Länge der Wandertour:
15km

Sonntag, August 9, 2015 - 10:00

Glaswaldsee-Schwarzwald-Wandertour

Zur Abwechslung wandern wir im Kniebisgebiet im Schwarzwald. In der Nähe von Bad Rippoldsau geht es los. Vom Talgrund aus erreichen wir den mit mächtigen Tannen bestandenen Bergrücken, die Holzwälder Höhe. Nach etwa 1,5h kommen wir zum idyllisch gelegenen Glaswaldsee. Die Seen im Schwarzwald sind in der letzten Eiszeit entstanden. Die Enden der Gletscherzungen haben sich immer wieder vor und zurückbewegt, als sich wärmere und kältere Phasen abgewechselt haben. So wurden Vertiefungen geschaffen und gleichzeitig ein Wall aus Schutt und Geröll aufgebaut. Die Vertiefung hat sich dann mit Schmelzwasser und Niederschlägen gefüllt. Heutzutage verlanden die Schwarzwaldseen langsam zu Hochmooren und beherbergen eine besondere Flora und Fauna.

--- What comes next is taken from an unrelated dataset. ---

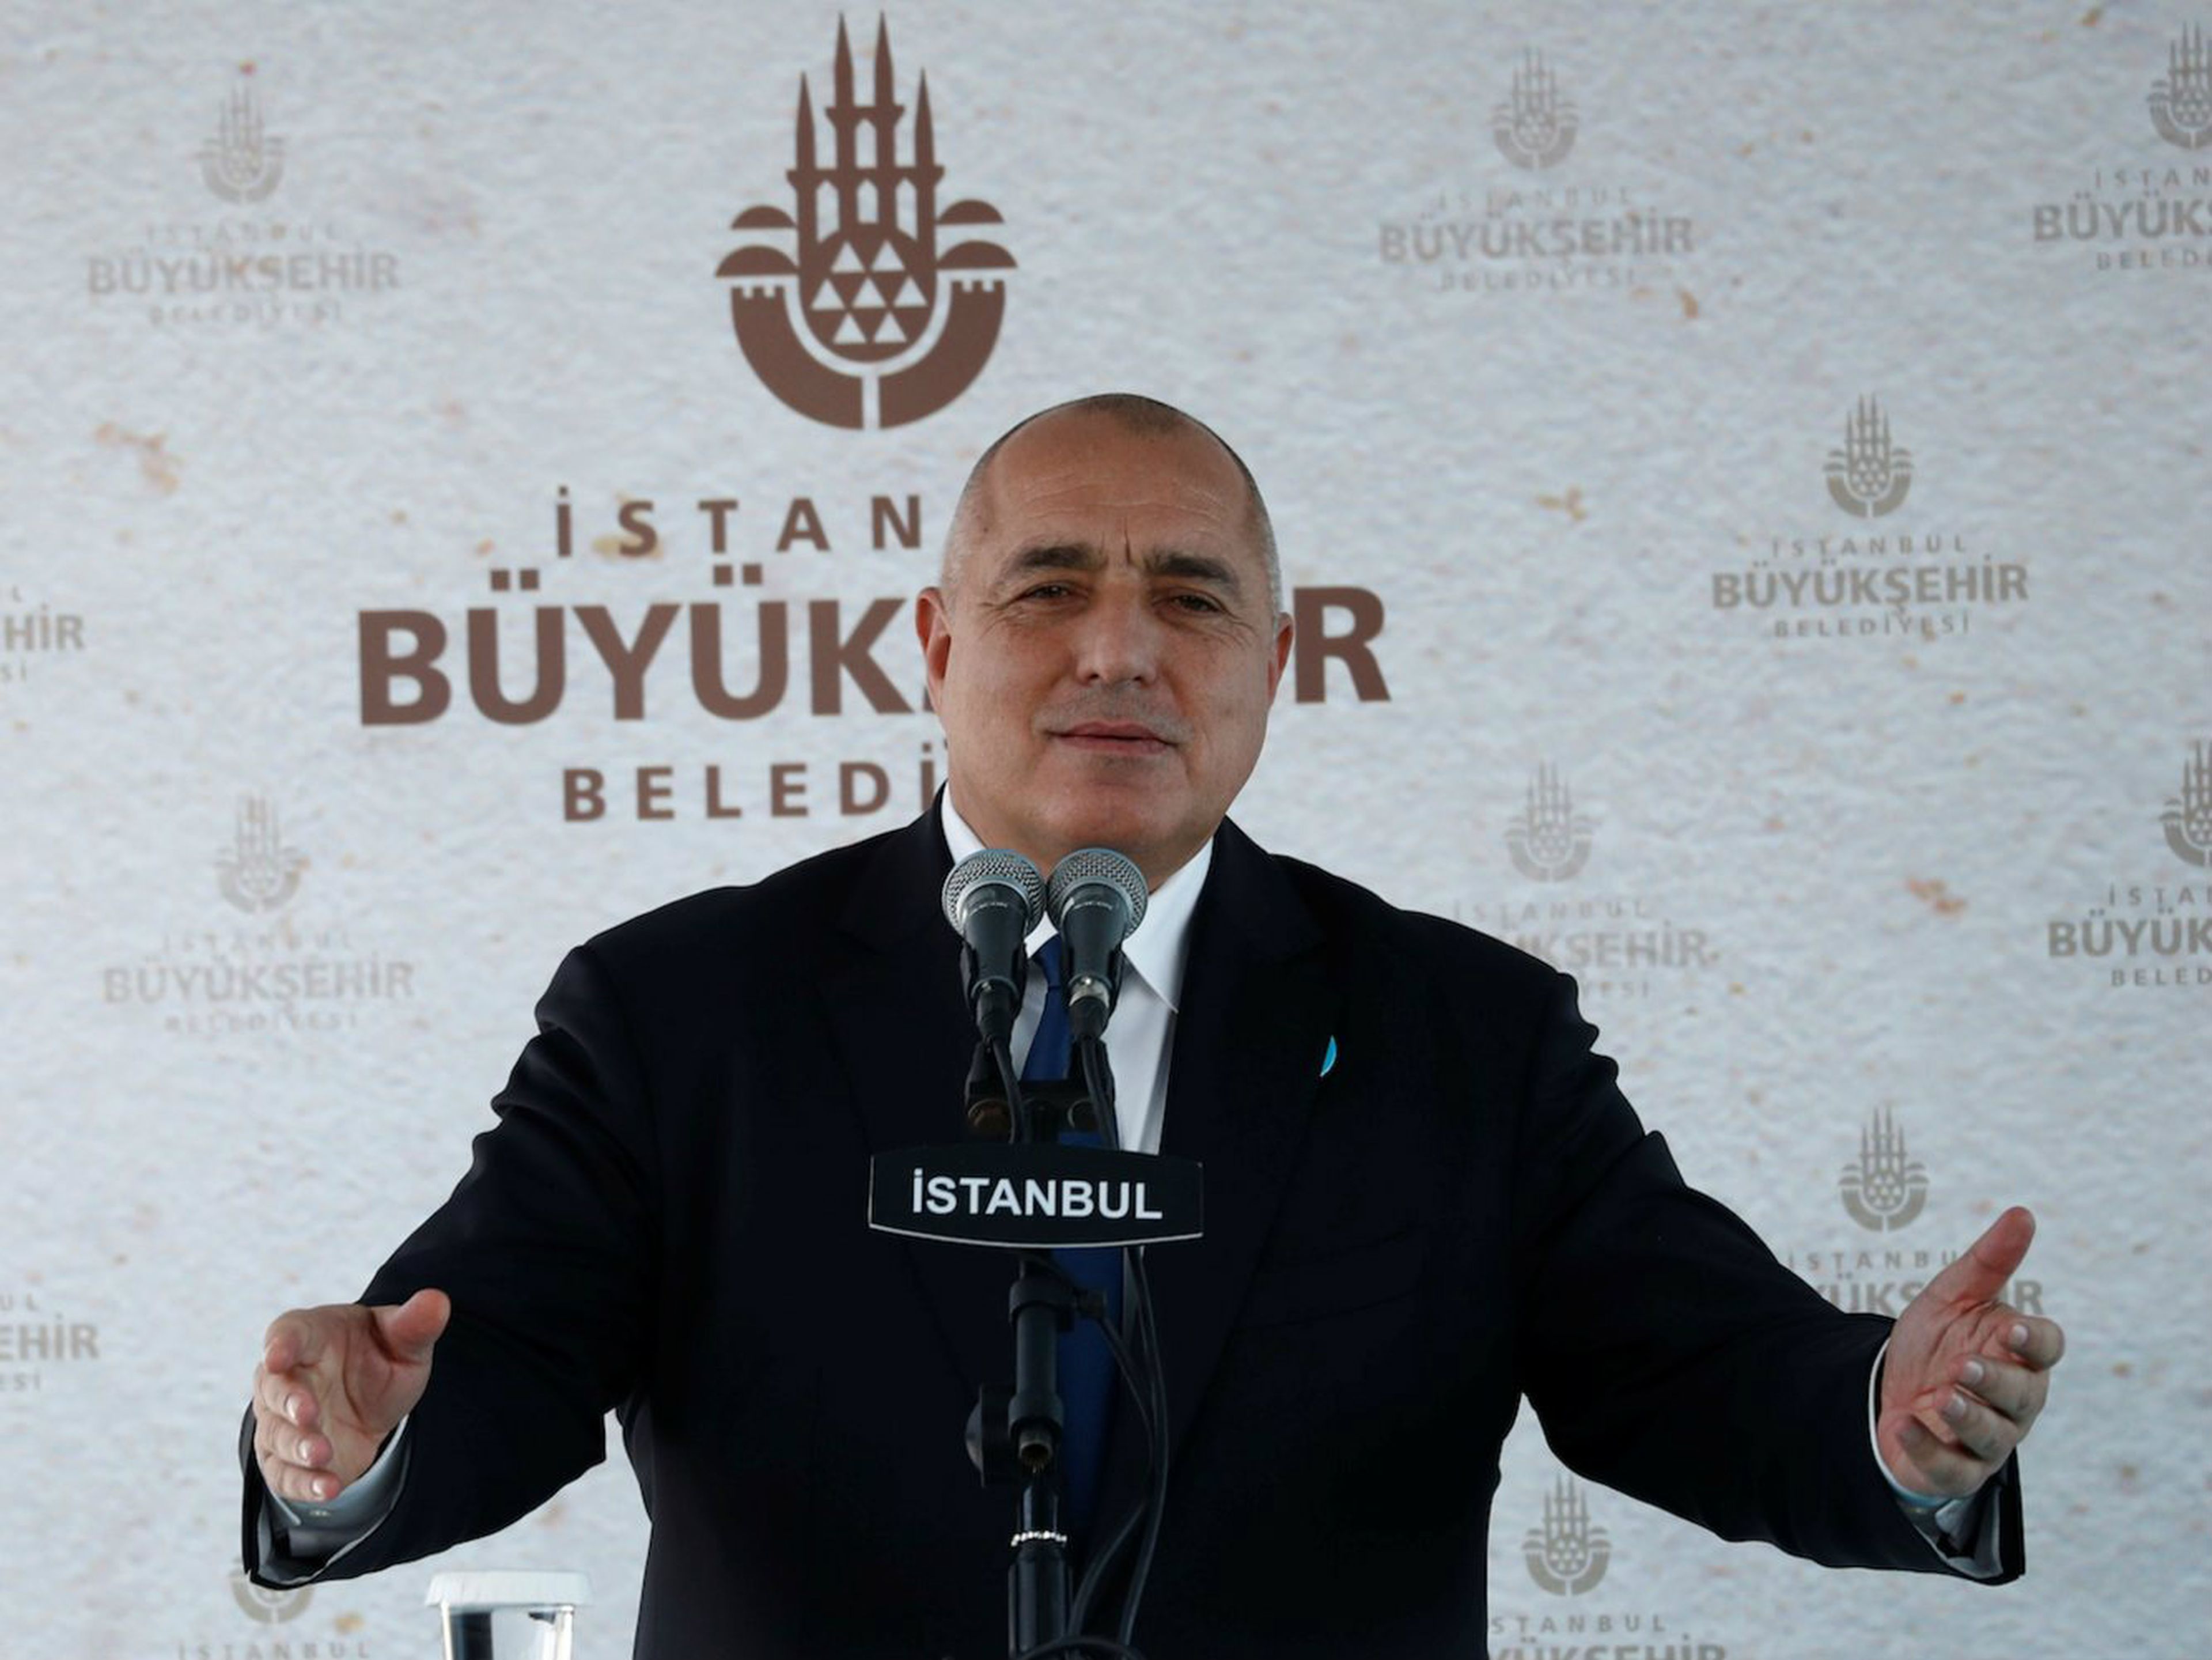 El primer ministro búlgaro, Boyko Borissov, pronuncia un discurso en Estambul el pasado enero de 2018.

Wir hingegen vespern und grillen am Seeufer und Mutige können auch ein erfrischendes Bad nehmen. Nach der Rast genießen wir noch eine gute Stunde den Rückweg durch den duftenden und schattigen Wald. Die Wanderung wurde auf Wunsch von Mitwanderern mal ins Programm genommen. Die Anfahrt ist mit 1h 20min etwas länger, dafür lernen wir die besondere Schönheit der Schwarzwaldlandschaft kennen. Achtung Selbstfahrer: Da sich die lange Anfahrt nur bei gutem Wetter lohnt, ist diese Tour unter Vorbehalt. Wenn schlechtes Wetter vorhergesagt wird, gibt es eine Alternative. Am besten mich anrufen. 01577-8062329, Vesper/Grillen

Länge der Wandertour:
13

Uhrzeit Treff Startort:
11.40Uhr

Freitag, Mai 16, 2014 - 10:00

Baiersbronn - Schlemmer- und Wanderwochenende

Baiersbronn ist nicht nur für die schönen Täler und dunkeln Wälder des Schwarzwalds bekannt. Nein, vor allem auch für kulinarische Genüsse. Und auch die werden wir auf dem Wanderwochenende ausgiebig genießen. Unser Koch heißt Scheithauer und verdient meinen vollen Respekt. Wir sind im Oberdorf von Baiersbronn untergebracht. Am Samstag reisen wir an und genießen ein leckeres Mitagessen. Danch erkunden wir auf einer kleinen Wanderung die nähere Umgebung. Abends gibt es dann ein richtiges Schwarzwälder Versperbuffet mit warmen und kalten Spezialitäten. In lustiger Runde verbringen wir einen schönen gemeinamen Abend, bevor wir uns in den geräumigen Einzel- und Doppelzimmer zur Ruhe betten. Ab 8.00 am nächsten Morgen müssen wir uns schon wieder durch ein reichhaltiges Frühstücksbüffet arbeiten - tja -das Leben ist halt hart... Danach starten wir zu einer größeren aber nicht anstrengenden Wanderung. Wir folgen einem lieblichen Bachtal und gelangen auf den Höhenzug des Schwarzwalds mit seinen mächtigen über 100 jährigen Tannen und Fichten. Gerastet wir an einem der dunklem Karseen, die sich nach der letzten Eiszeit vor 12000 Jahren gebildet haben. Die spezielle Flora der Schwarzwaldbiotope erfreut unser Auge. Am Nachmittag fahren wir zurück und sind etwa um 18.00 wieder in Tübingen.

Ein absolutes Wellness und Erlebniswochenende - bitte beachten: maximal 10 Teilnehmer sind möglich!